Existing three-dimensional printers, which
build up objects from layers of melted metal powder, melted plastic powder
or quick-drying ink-jet ink, print relatively slowly because it takes
time for each layer to dry. And like that of their two-dimensional counterparts,
the print resolution, or feature size, is limited by the granular nature
of these processes.
University of Illinois researchers have come up with a new type
of quick-setting three-dimensional ink that works a bit like a microscopic
tube of toothpaste. The researchers' printer robotically deposits a continuous,
elastic-like ink filament into a liquid rather than putting ink drops
onto a surface.
The filament hardens in the liquid rapidly enough to allow for
printing three-dimensional structures that have features like unsupported
spanning elements. The process yields complete three-dimensional structures
in about five minutes, and provides resolutions that are close to two
orders of magnitude finer than existing methods, according to the researchers.
The researchers' prototype has nozzles that vary in diameter from five
microns to 0.5 microns. A micron is one thousandth of a millimeter.
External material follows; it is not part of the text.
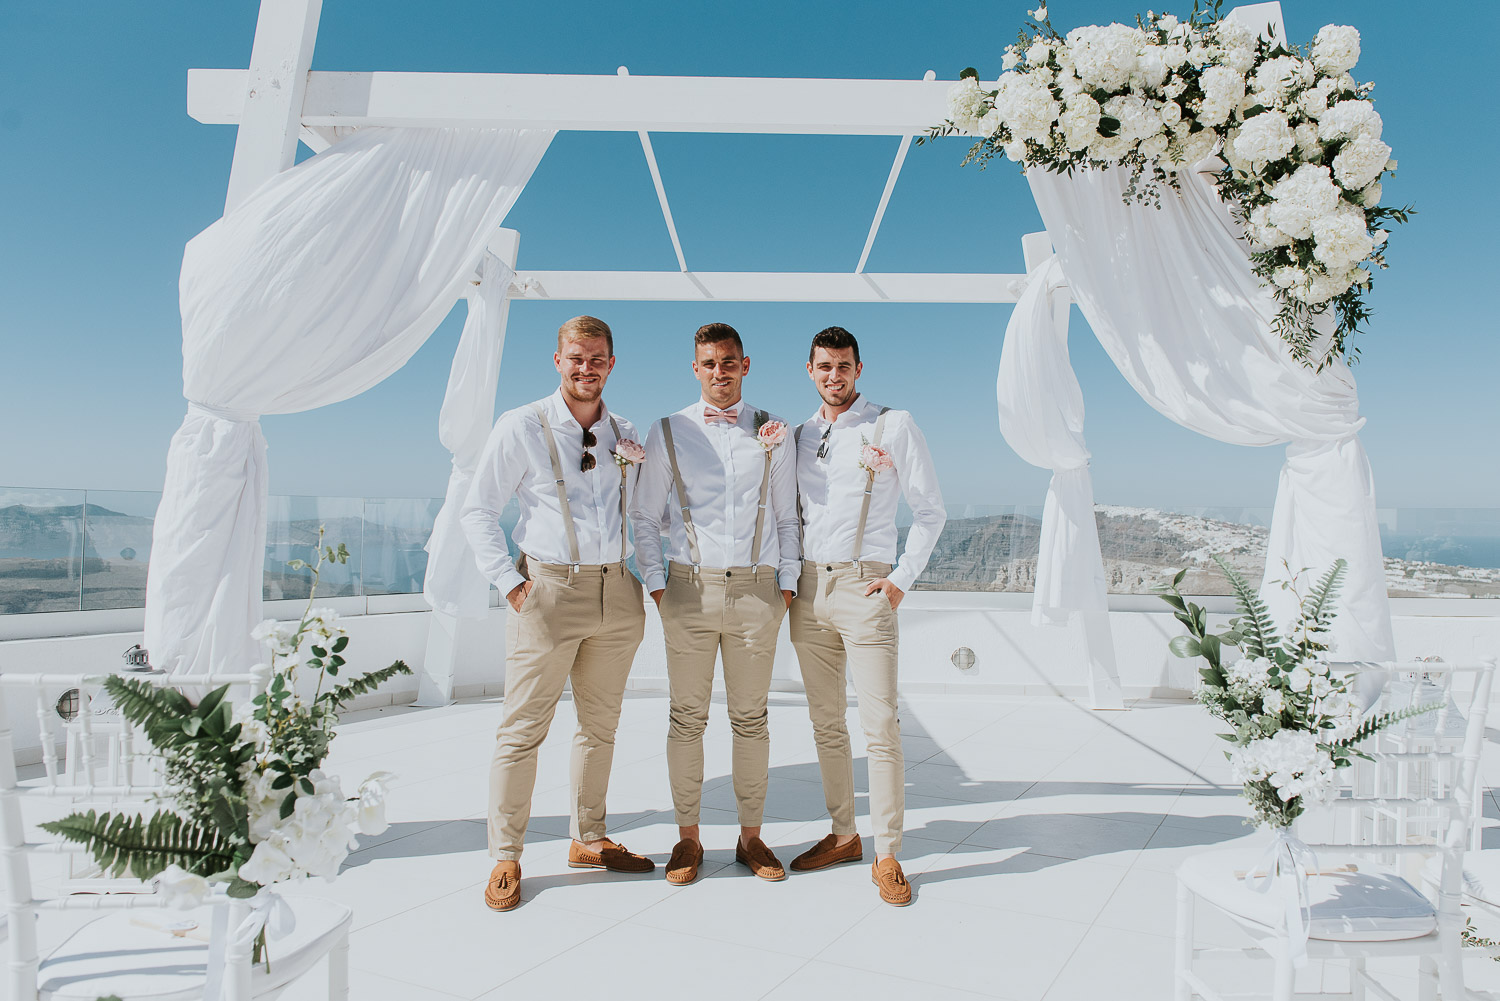 Wedding photographer Santorini: groom and groomsmen under gazebo covered in flowers by Ben and Vesna.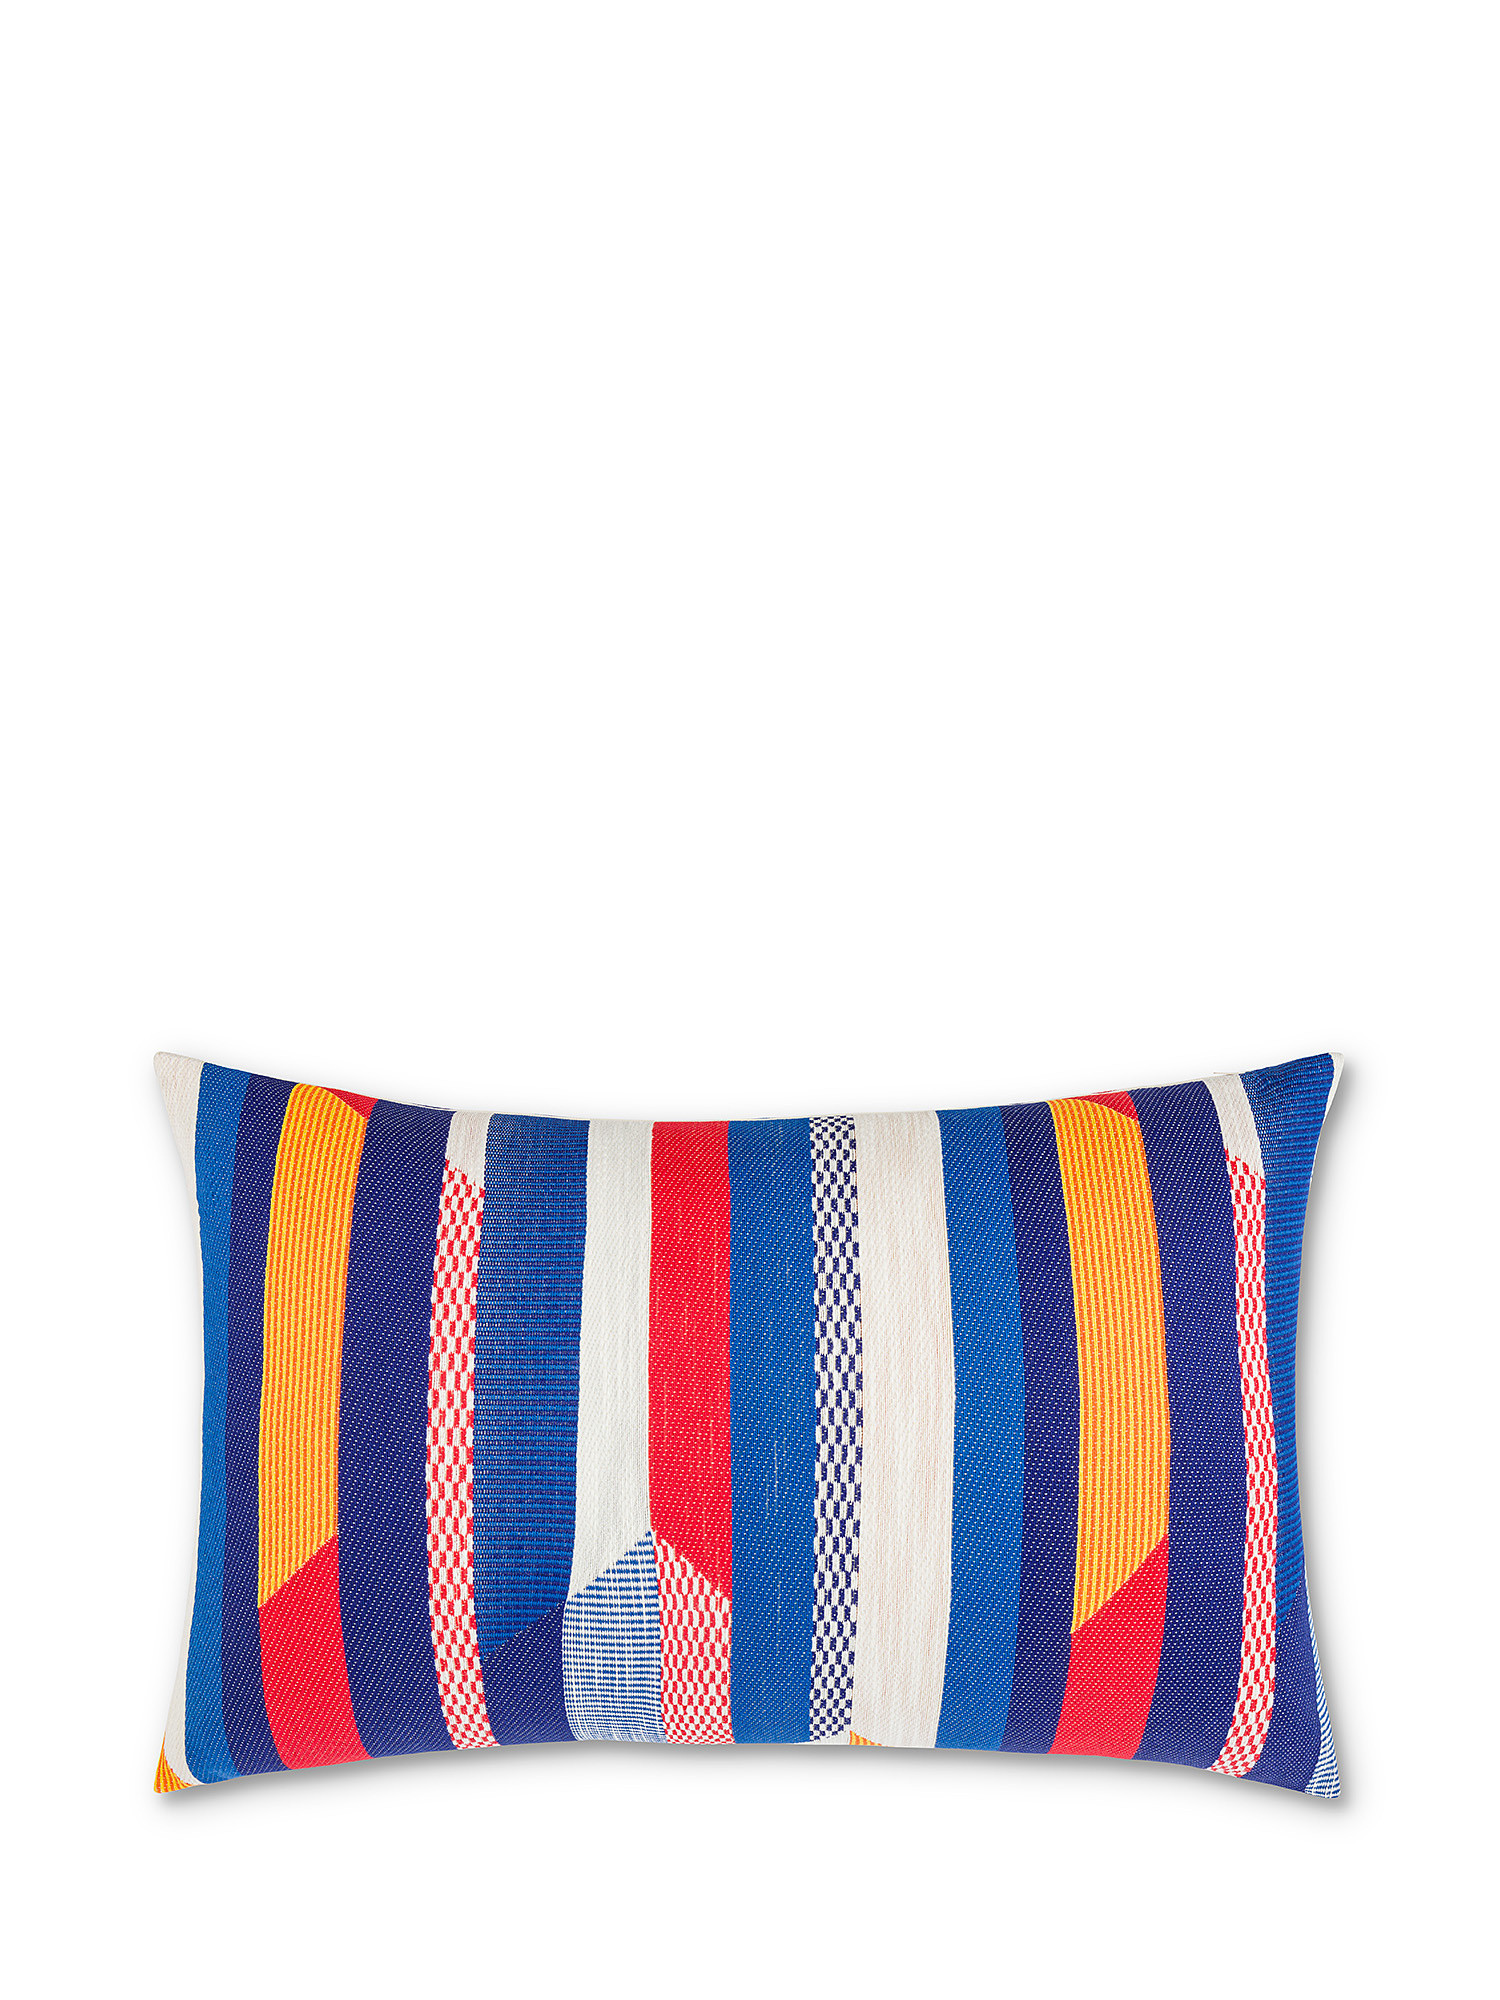 Geometric motif fabric cushion 35x55cm, Multicolor, large image number 0

Because the resolution is so high, the process has the potential
to produce templates for structured materials, like photonic band gap
materials used to control light, microfluidic devices used for biological
and chemical testing, and bioscaffolds for tissue engineering.
The researchers are currently refining inks for structures made
from refractive-index materials like selenium and bioactive materials.
The method could be used in photonic bandgap and tissue engineering
applications in two to five years, according to the researchers. The work
appeared in the March 25, 2004 issue of Nature.